* ACTION ITEM
Please take the records that follow and repeat exactly the lines starting with the line with "Saklıkent kanyonu, Saklıkent" and going on through the line with "分享投资崔欣欣:消费升级下万亿大居住市场的创投机会".

-- DATA SHOWN follows --

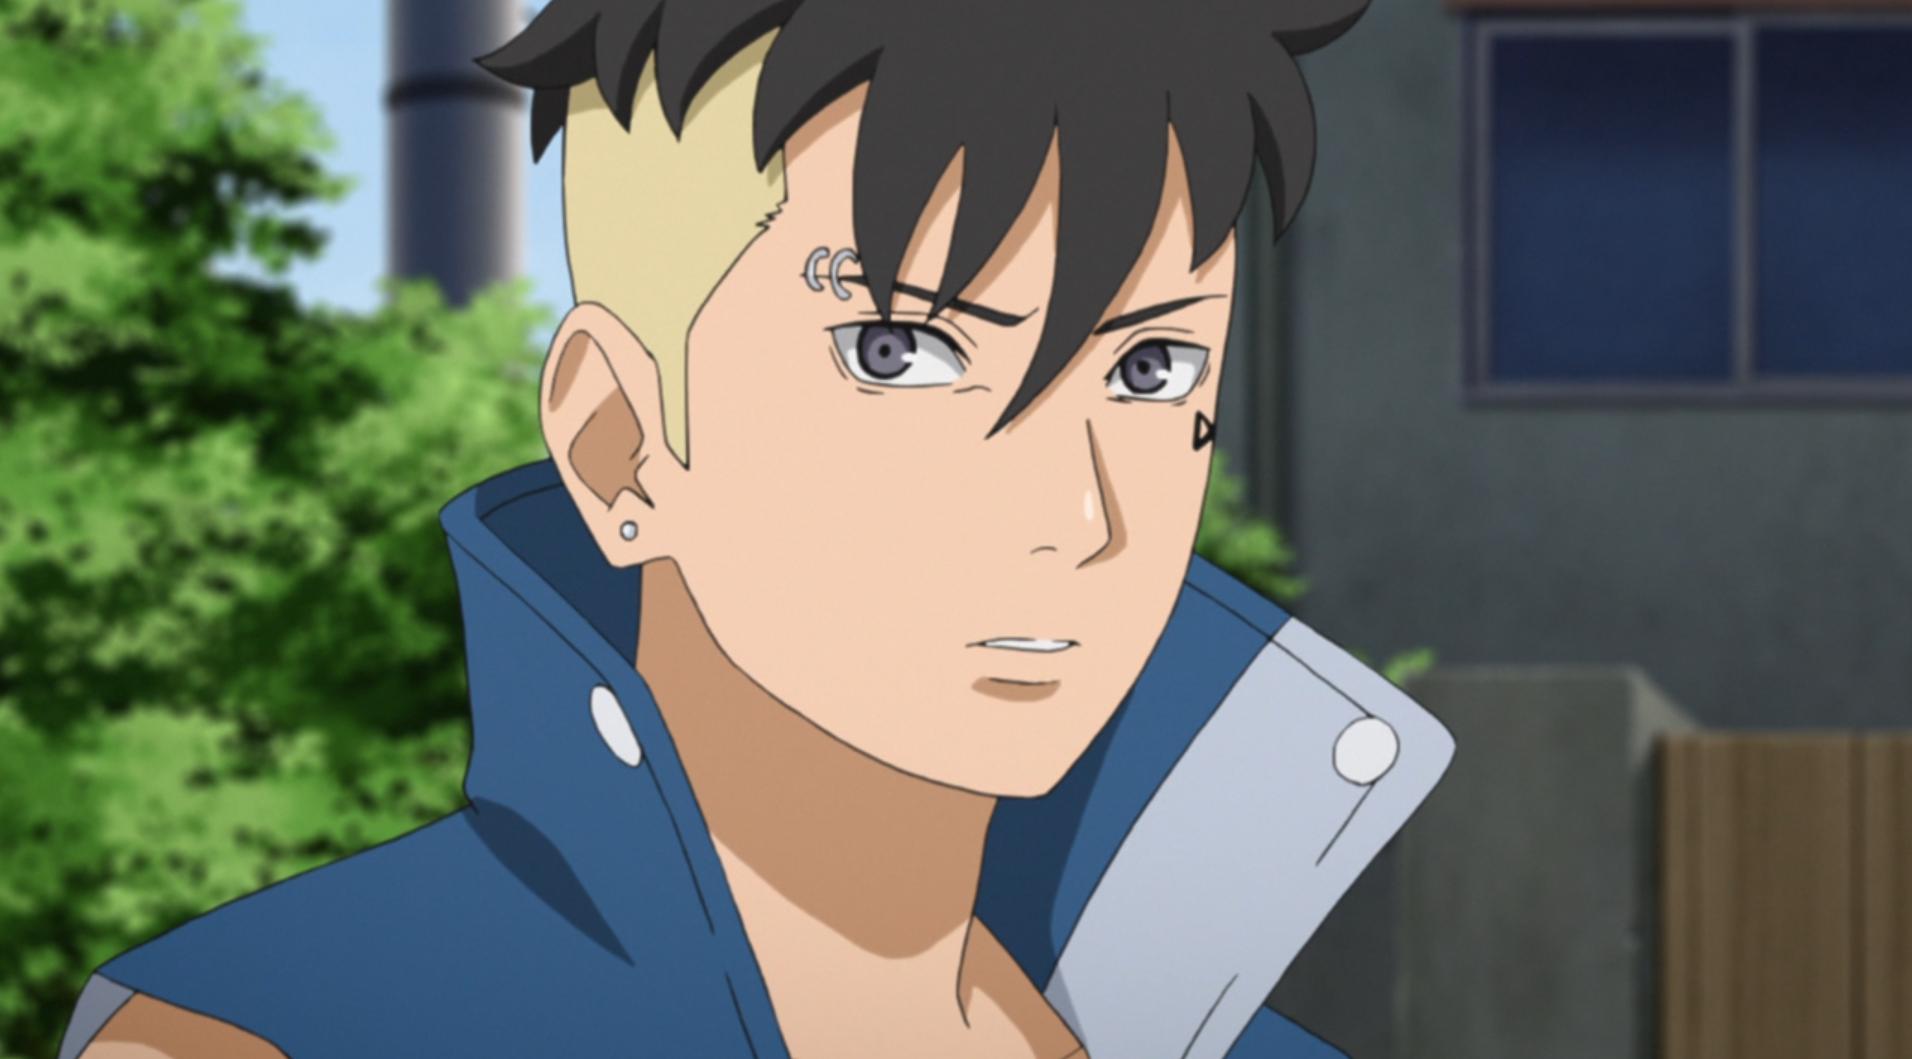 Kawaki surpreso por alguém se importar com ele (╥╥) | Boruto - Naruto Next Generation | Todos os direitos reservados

-- DATA SHOWN concluded --
-- DATA SHOWN follows --

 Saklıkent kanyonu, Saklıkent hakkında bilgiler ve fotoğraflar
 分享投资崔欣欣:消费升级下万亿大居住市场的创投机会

-- DATA SHOWN concluded --

* ANSWER TO THIS EXERCISE
 Saklıkent kanyonu, Saklıkent hakkında bilgiler ve fotoğraflar
 分享投资崔欣欣:消费升级下万亿大居住市场的创投机会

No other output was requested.